▸ **Exercise**
What you return should match the listing exactly, minus its images.

▸ **Data extract**
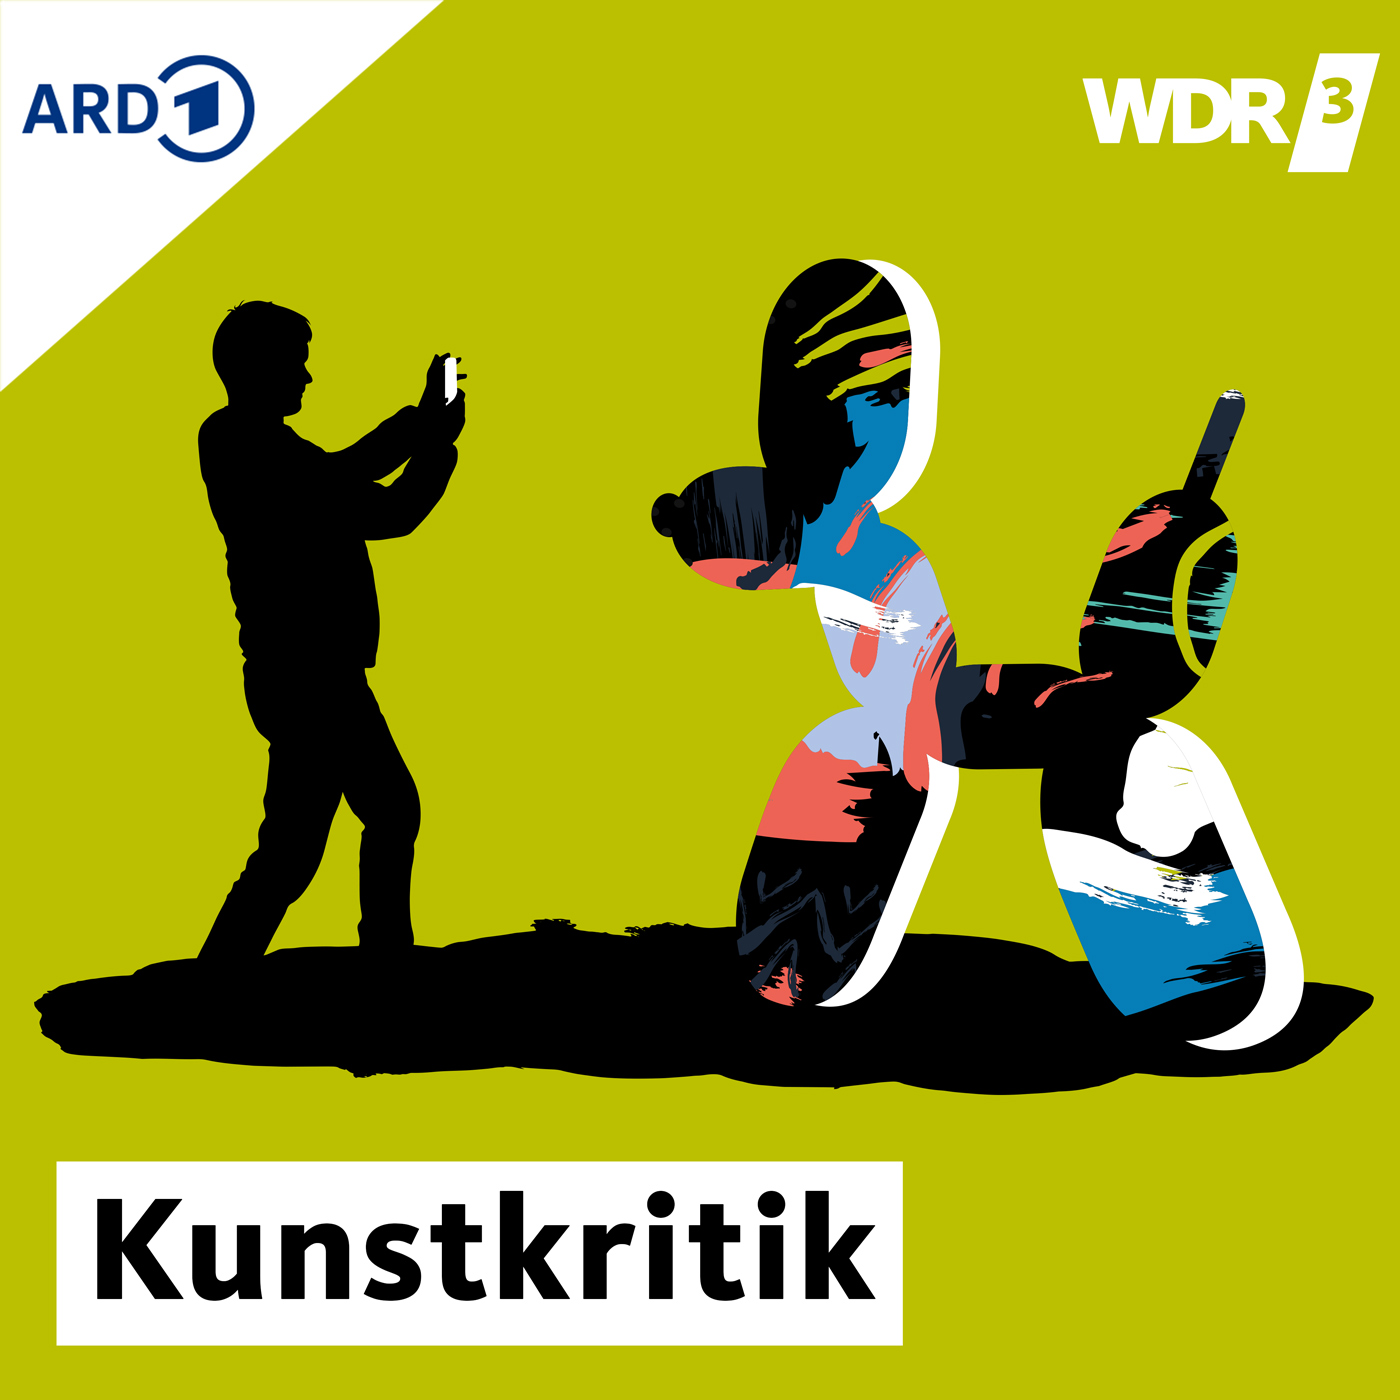 WDR 3 Kunstkritik - Ausstellungen in NRW
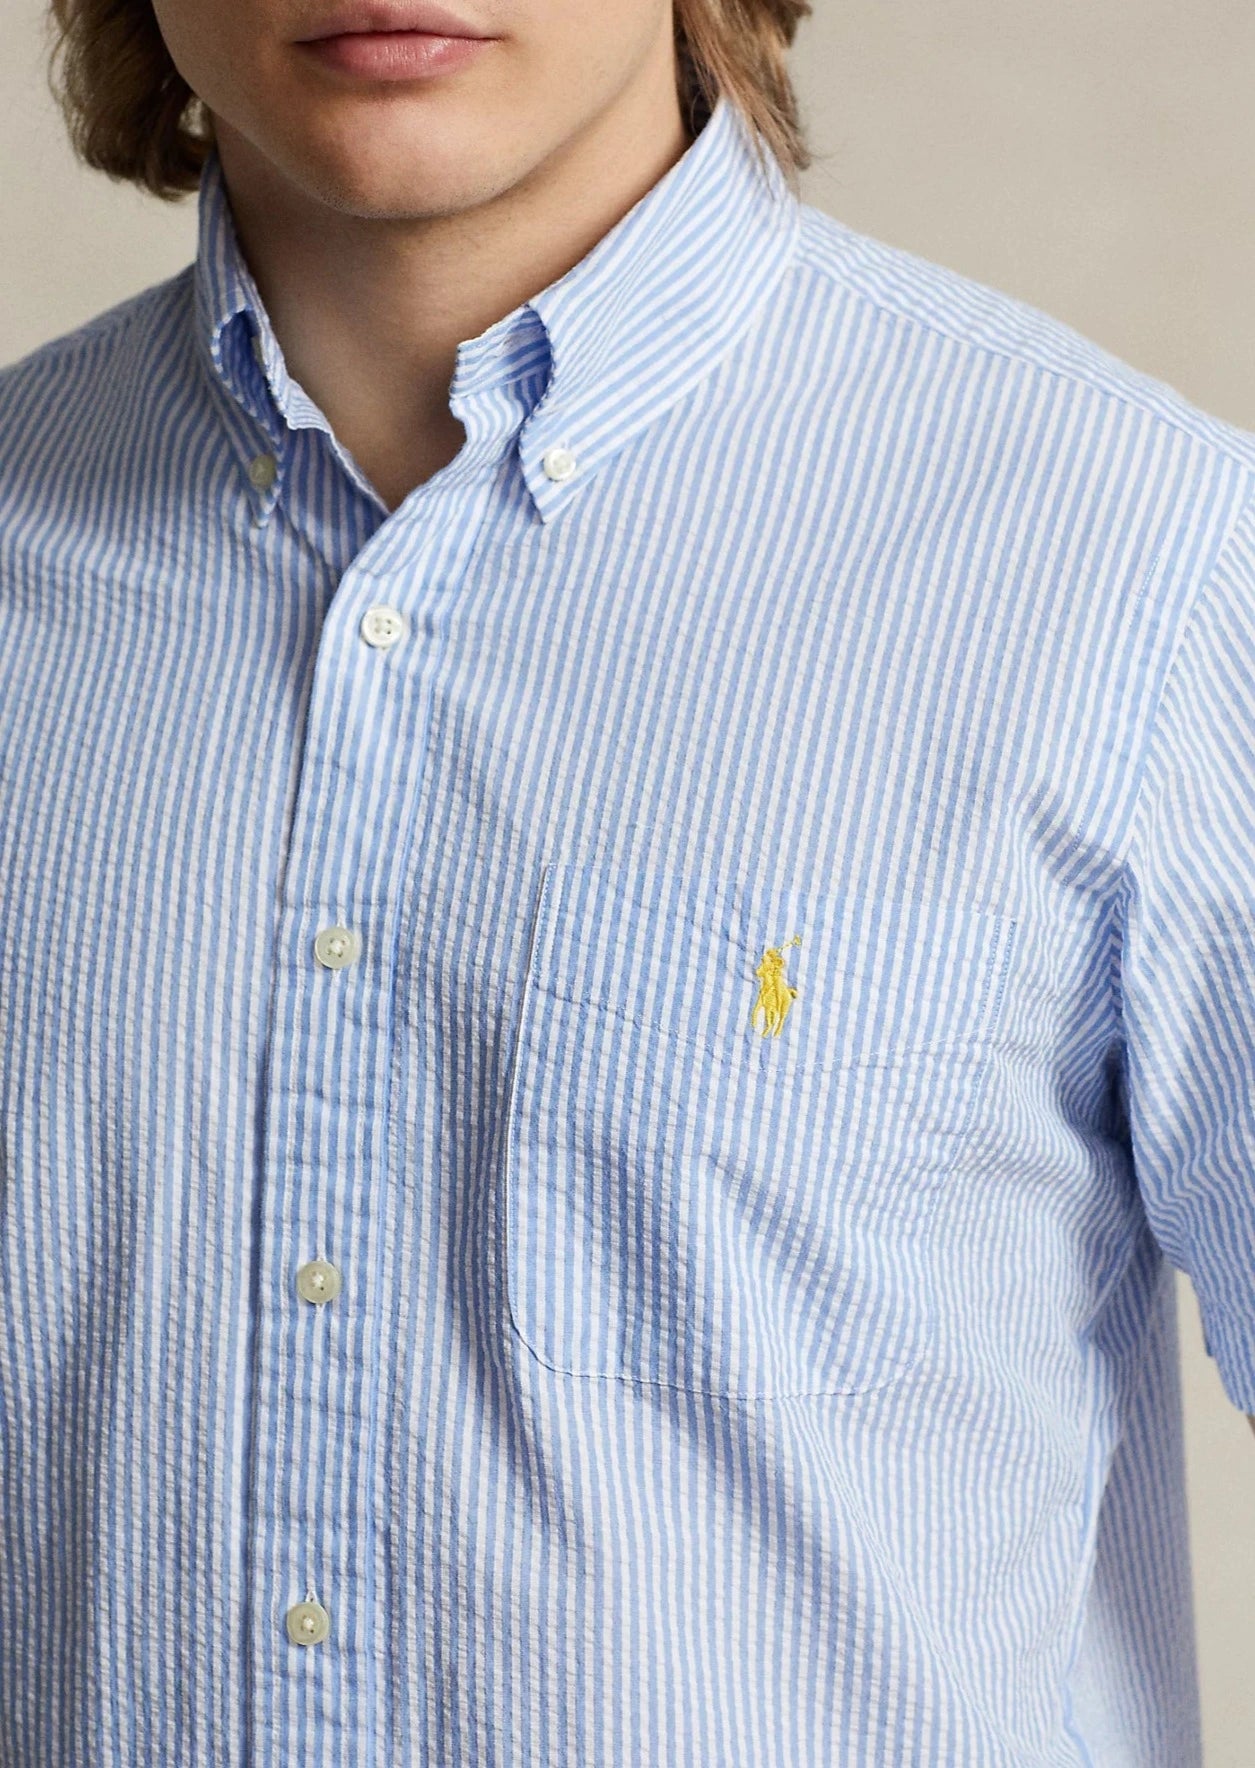 Chemise rayée manches courtes homme Ralph Lauren bleue | Georgespaul
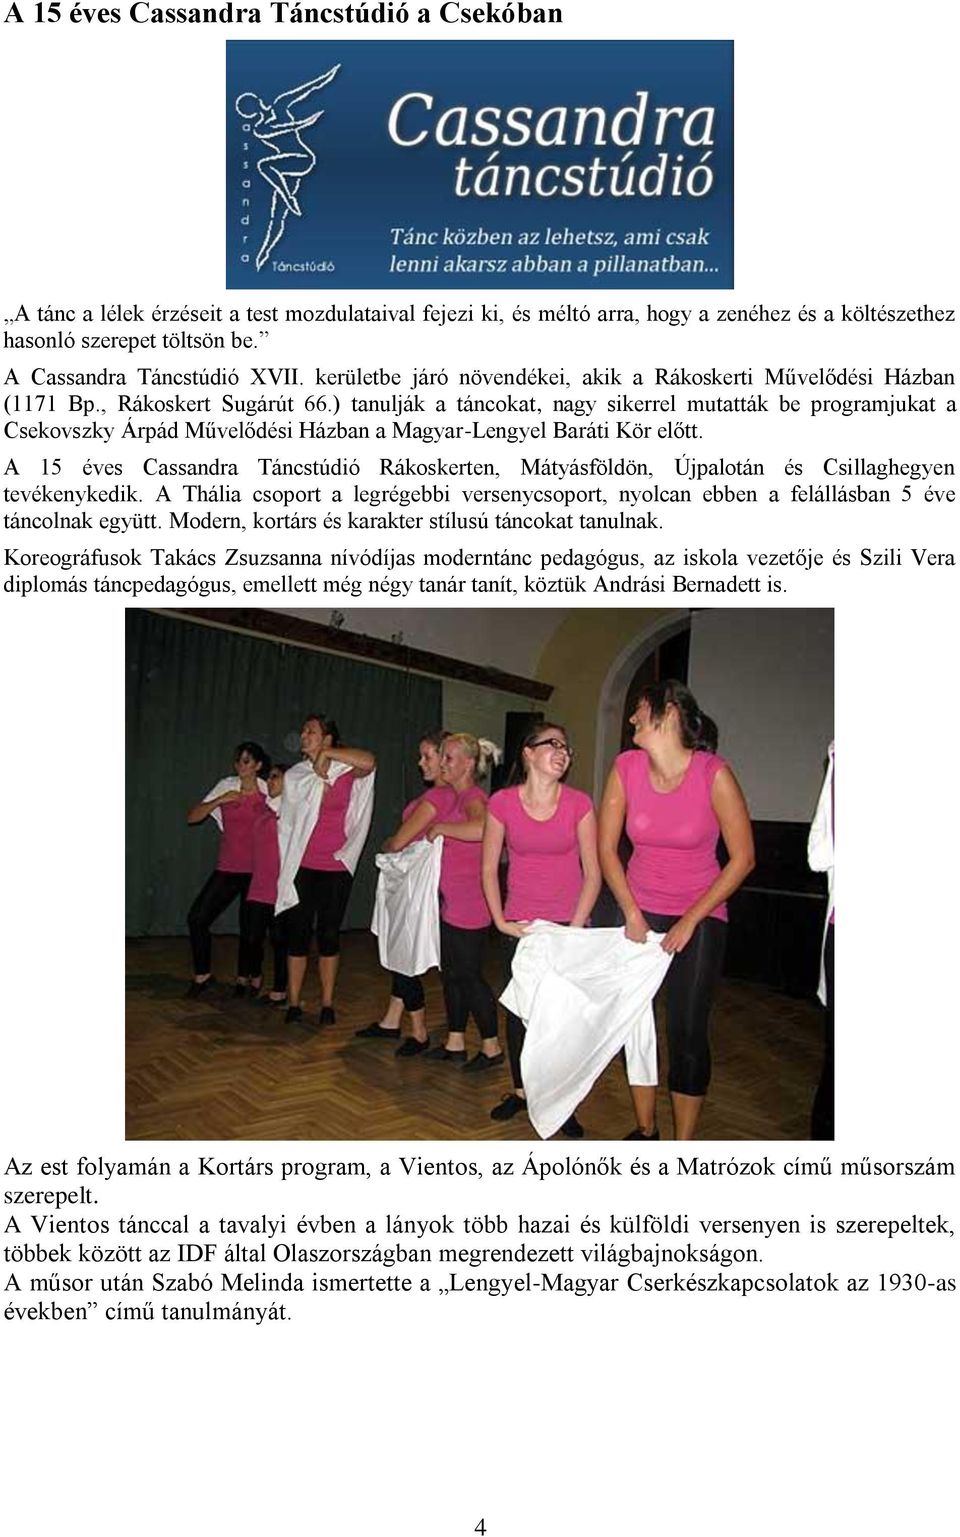 ) tanulják a táncokat, nagy sikerrel mutatták be programjukat a Csekovszky Árpád Művelődési Házban a Magyar-Lengyel Baráti Kör előtt.

▸ **Solution below**
 WDR 3 Kunstkritik - Ausstellungen in NRW
 Chemise rayée manches courtes homme Ralph Lauren bleue | Georgespaul
 ) tanulják a táncokat, nagy sikerrel mutatták be programjukat a Csekovszky Árpád Művelődési Házban a Magyar-Lengyel Baráti Kör előtt.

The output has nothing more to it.